AI Crawlers Surge Wikimedia Commons Bandwidth Demand by 50%

The Wikimedia Foundation, the parent body behind Wikipedia and numerous other crowd-sourced knowledge platforms, announced on Wednesday a staggering 50% increase in bandwidth usage for multimedia downloads from Wikimedia Commons since January 2024. This surge, as detailed in a blog post on Tuesday, isn't driven by an uptick in human curiosity, but rather by automated scrapers hungry for data to train AI models.
“Our infrastructure is designed to handle sudden surges in traffic from humans during major events, but the volume of traffic from scraper bots is unmatched and poses increasing risks and costs,” the post explains.
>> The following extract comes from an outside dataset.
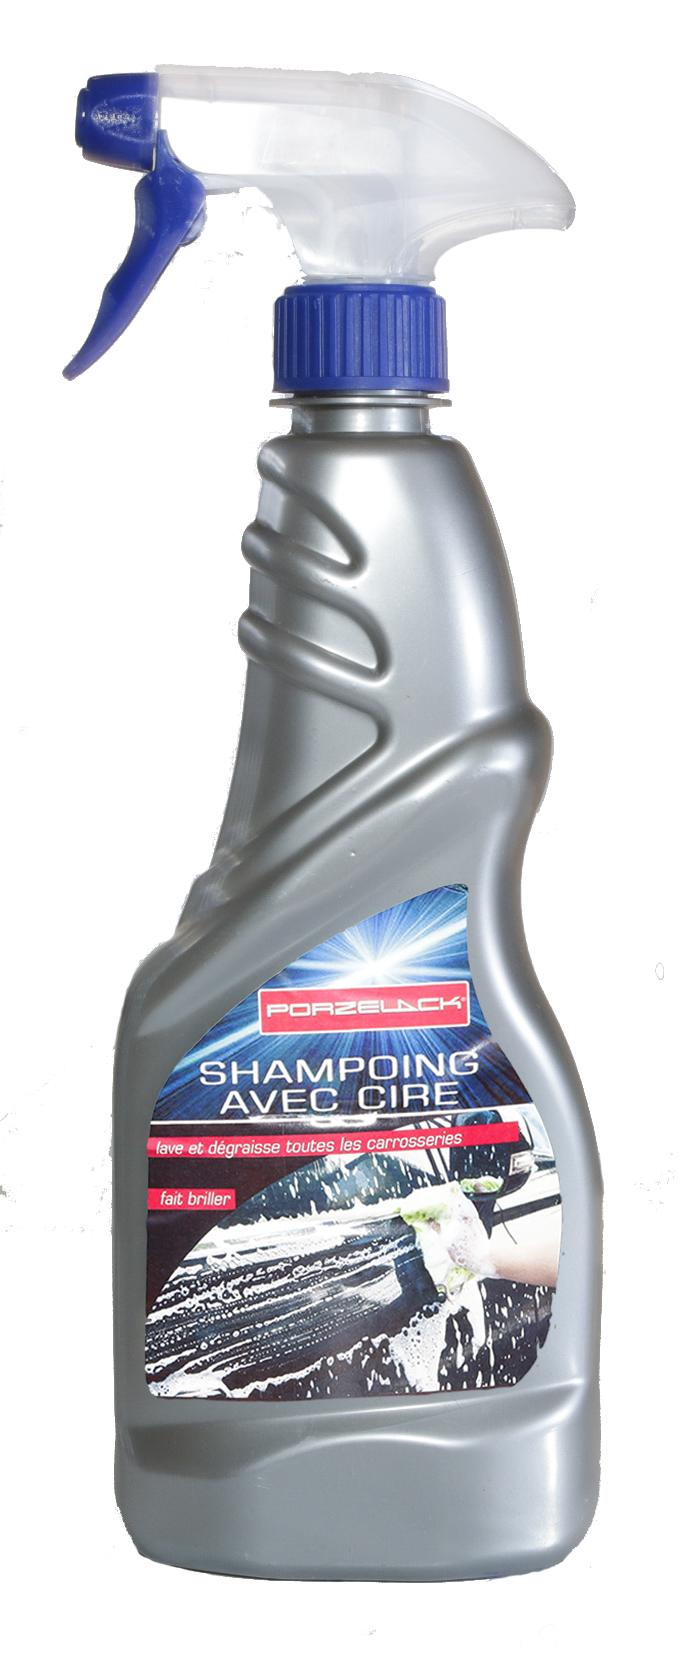 Carrosserie de voiture Aeropak shampooing nettoyant avec de la

Wikimedia Commons serves as a freely accessible hub for images, videos, and audio files, all available under open licenses or in the public domain.
Delving deeper, Wikimedia revealed that a whopping 65% of the most resource-intensive traffic—measured by the type of content consumed—comes from bots. Yet, these bots account for just 35% of overall pageviews. The discrepancy, according to Wikimedia, stems from how frequently accessed content is cached closer to users, while less popular content, which bots often target, is stored in the more costly "core data center."
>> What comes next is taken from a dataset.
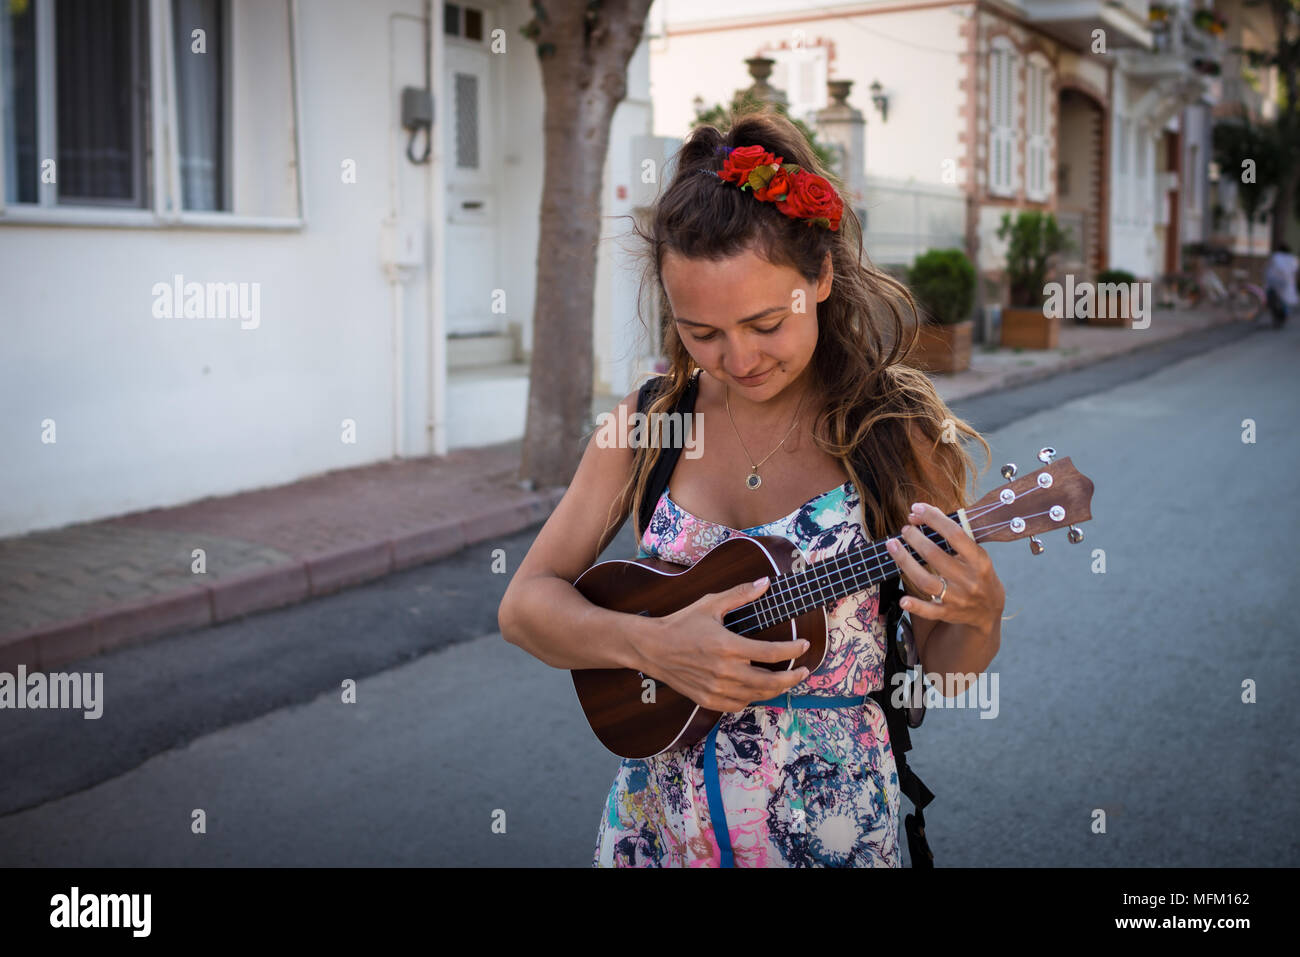 Lächelnde Frau mit Rosen in Frisur hält in den Händen Musikinstrument. Hübsches Mädchen geht auf der Straße und spielt auf der Ukulele. Stockfoto

“While human readers tend to focus on specific, often similar, topics, crawler bots tend to ‘bulk read’ a larger number of pages and visit less popular ones as well,” Wikimedia noted. “This results in these requests being forwarded to the core datacenter, which significantly increases our resource consumption costs.”
As a result, the Wikimedia Foundation's site reliability team is dedicating substantial time and resources to blocking these crawlers to prevent disruptions for everyday users. This doesn't even touch on the escalating cloud costs the Foundation is contending with.
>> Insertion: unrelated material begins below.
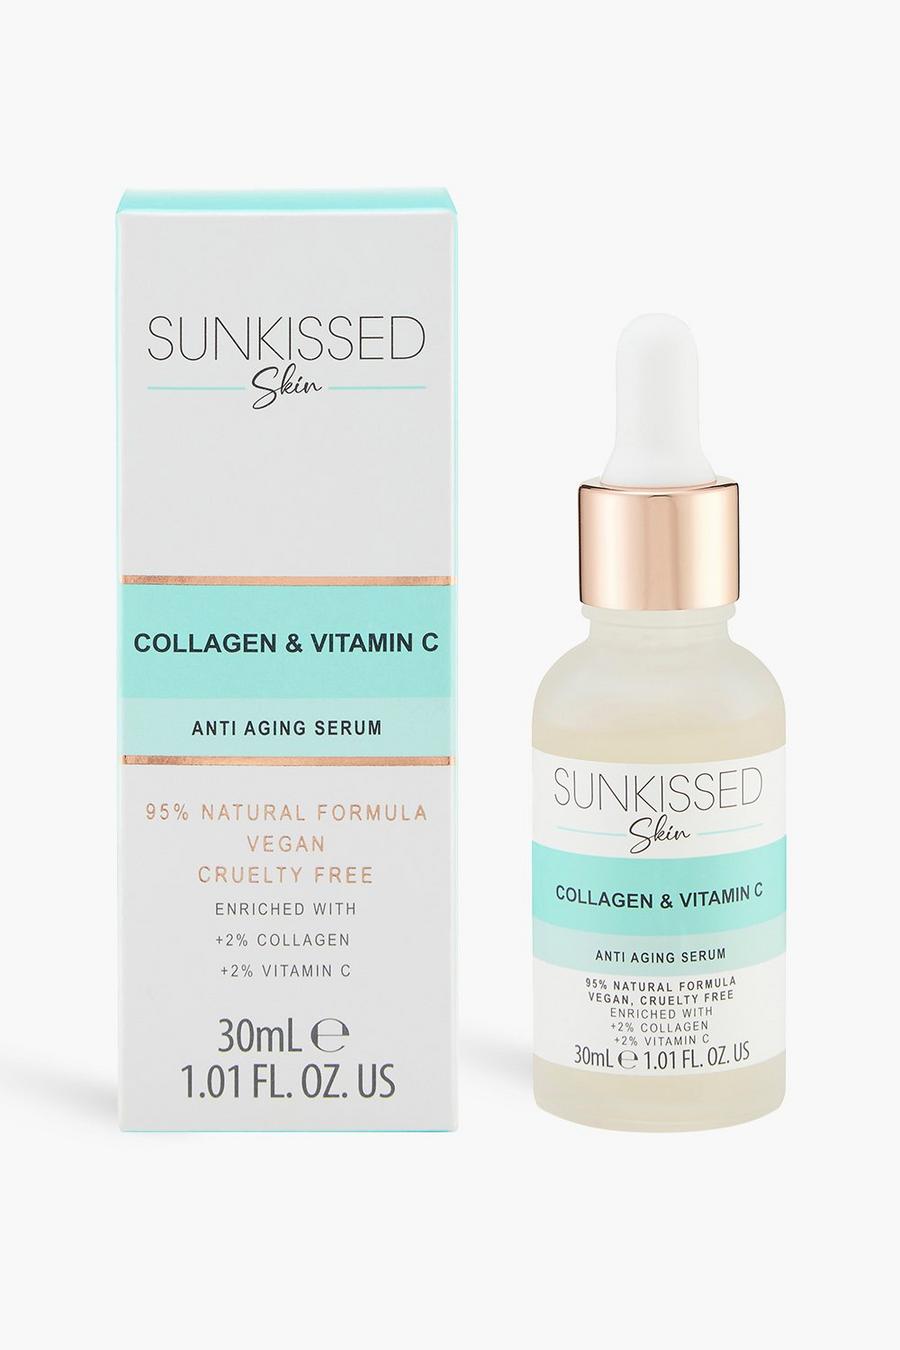 Blue Sunkissed Skin Collagen & Vitamin C Serum

This scenario is part of a broader trend that's endangering the open internet. Just last month, software engineer and open-source advocate Drew DeVault lamented that AI crawlers are blatantly ignoring “robots.txt” files intended to deter automated traffic. Similarly, Gergely Orosz, known as the "pragmatic engineer," recently voiced his frustration over how AI scrapers from companies like Meta have spiked bandwidth demands for his projects.
While open-source infrastructures are particularly vulnerable, developers are responding with ingenuity and determination. TechCrunch highlighted last week that some tech companies are stepping up. For instance, Cloudflare introduced AI Labyrinth, designed to slow down crawlers with AI-generated content.
Yet, it remains a constant game of cat and mouse, one that might push many publishers to retreat behind logins and paywalls, ultimately harming the open nature of the web we all rely on.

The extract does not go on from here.